Word for word, copy the entire listing below, but do not carry over any pictures.

## Dataset section
+ + + +

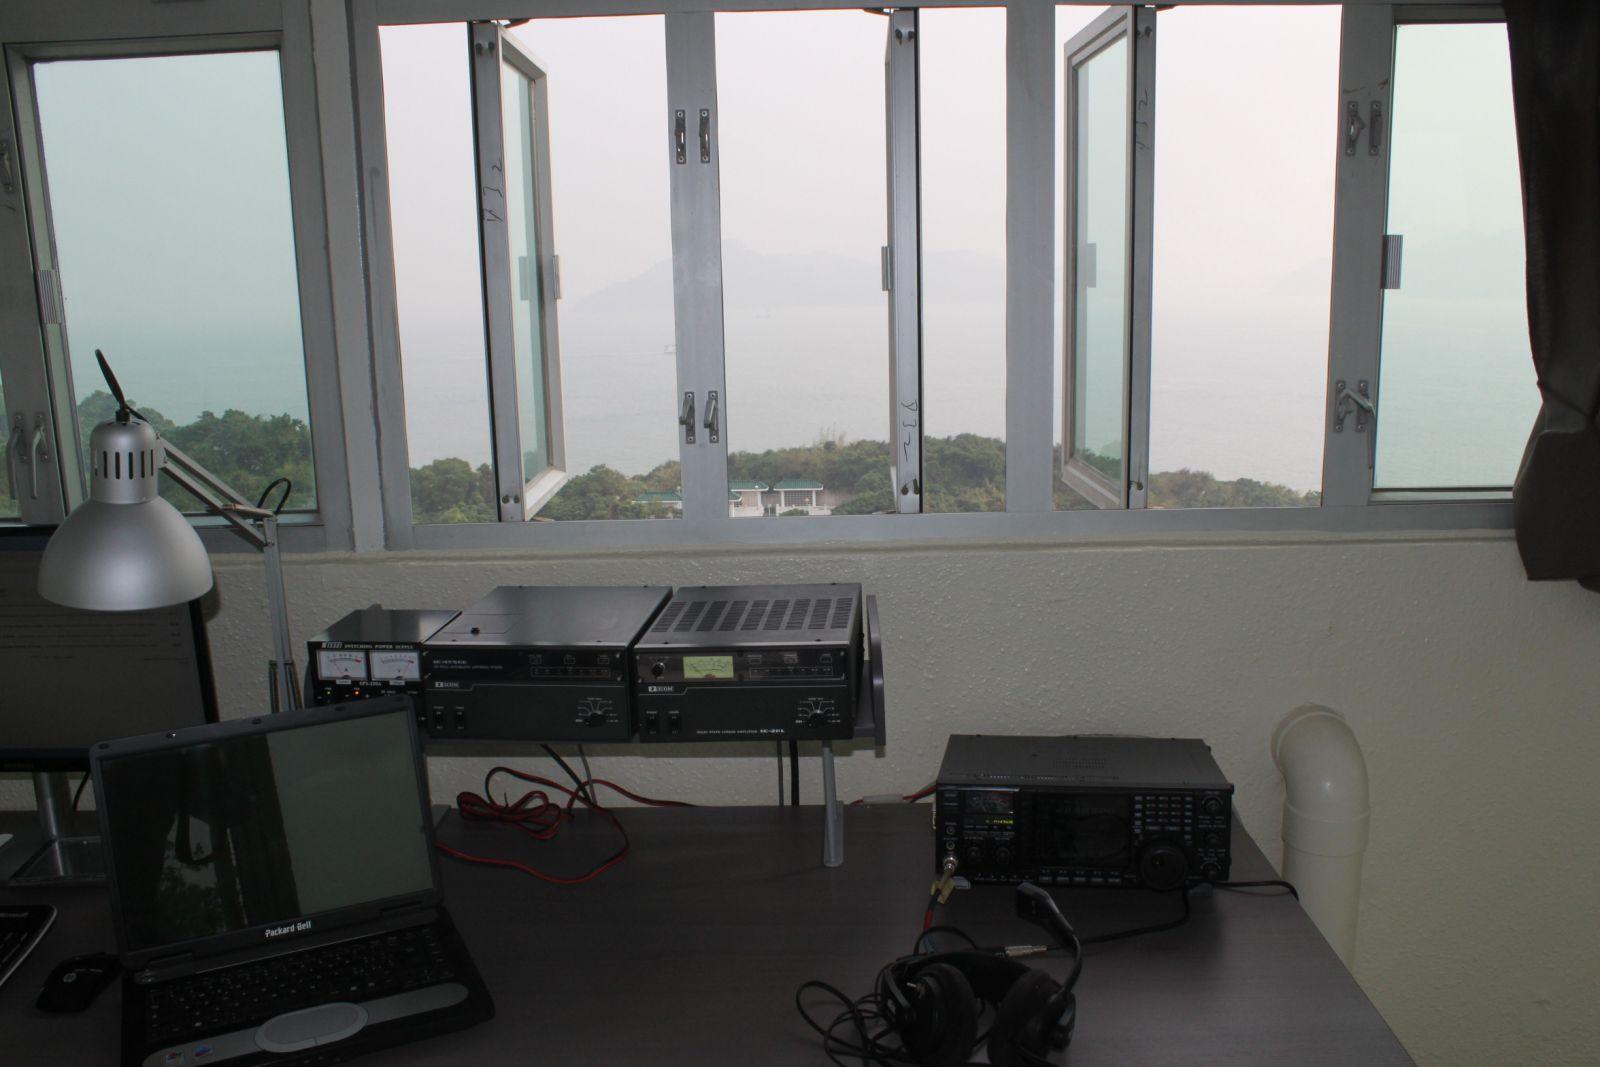 Peng Chau Island VR2/IV3TAN
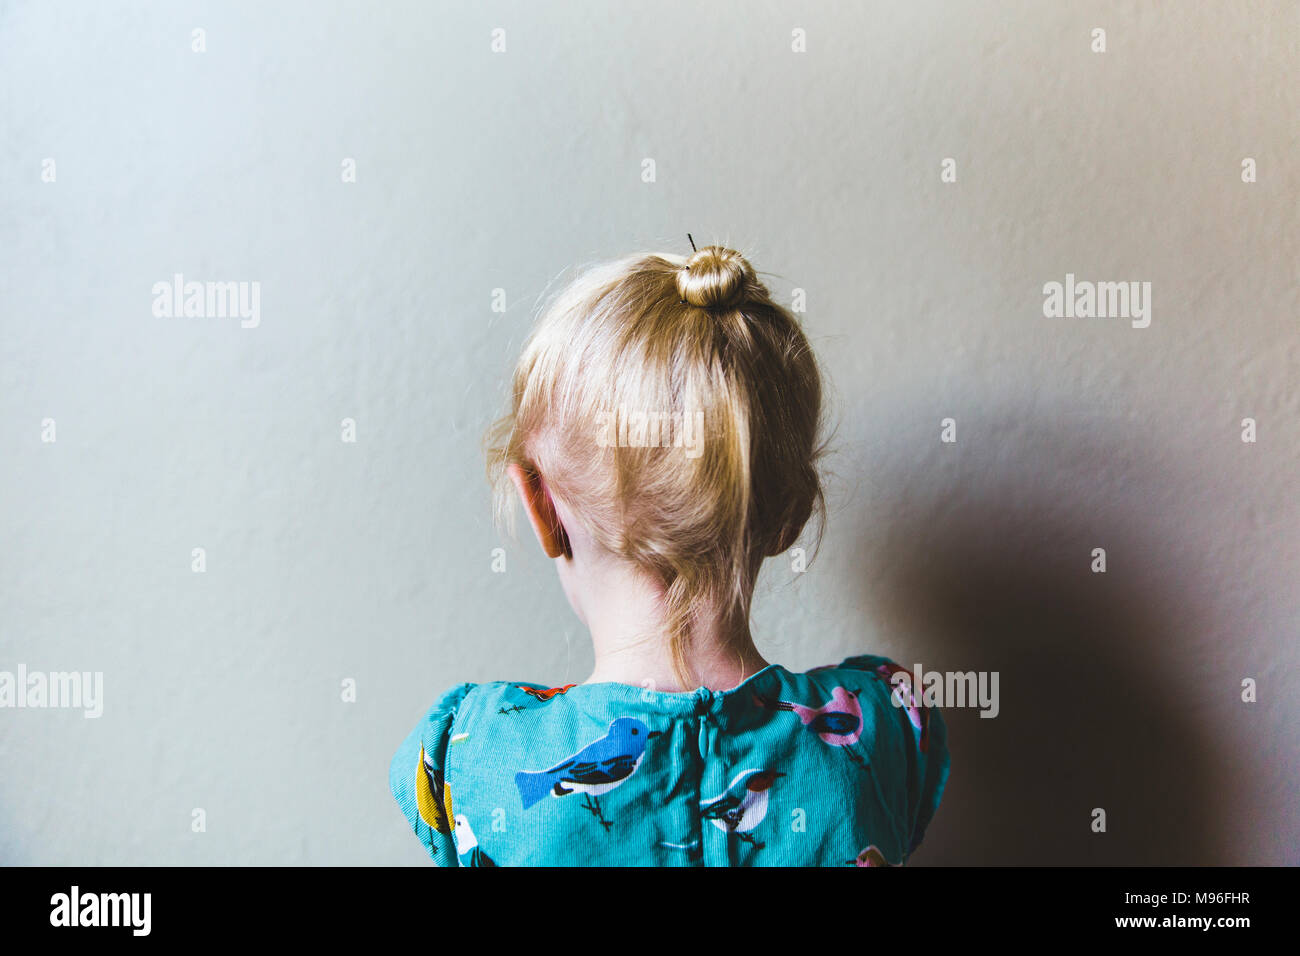 Parte posterior de la cabeza de niña Imagen De Stock
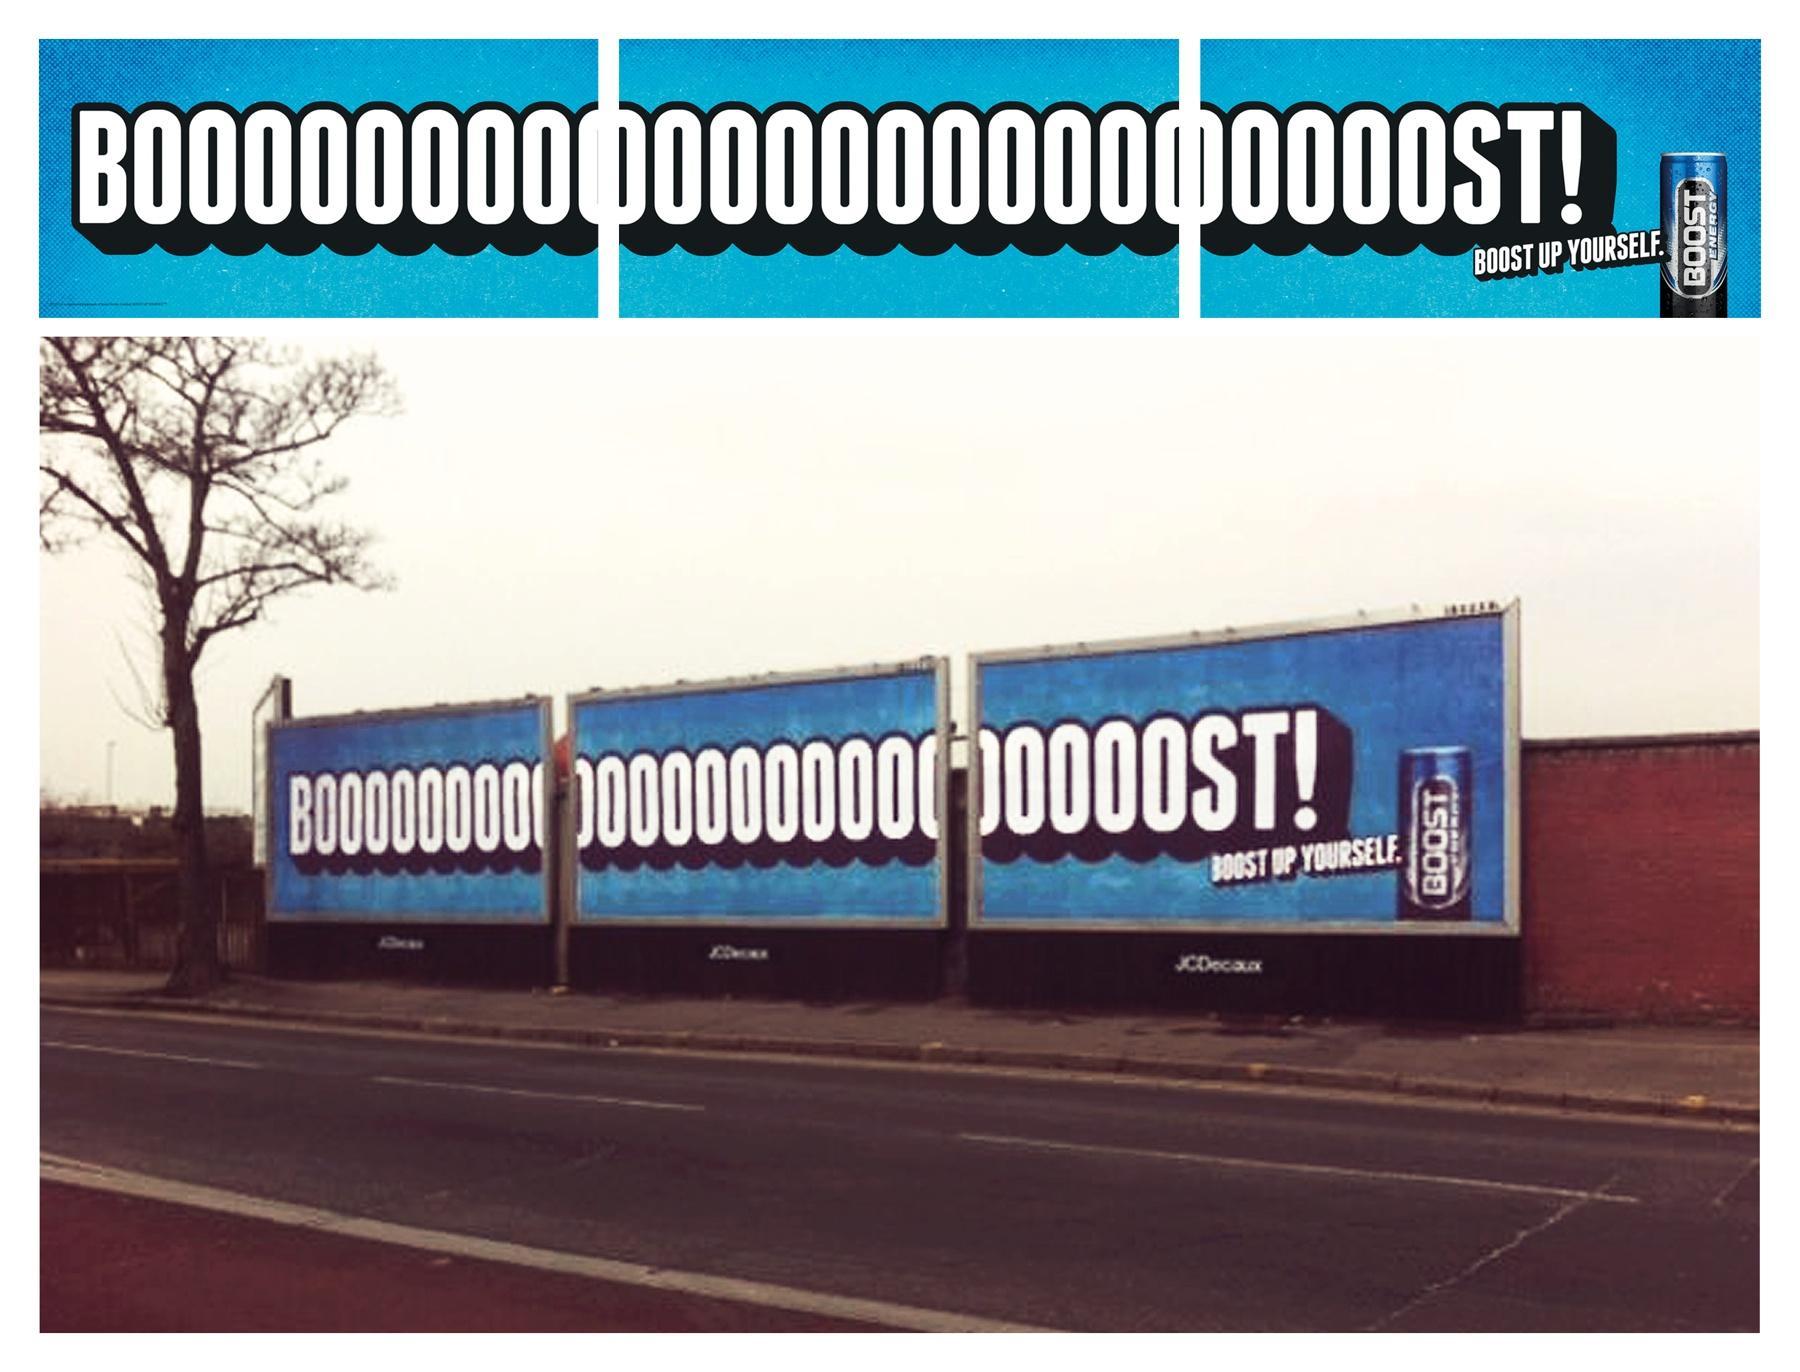 Boost Outdoor Ad -  Boooooooooooooooooooooost

+ + + +

## Response
 Peng Chau Island VR2/IV3TAN
 Parte posterior de la cabeza de niña Imagen De Stock
 Boost Outdoor Ad -  Boooooooooooooooooooooost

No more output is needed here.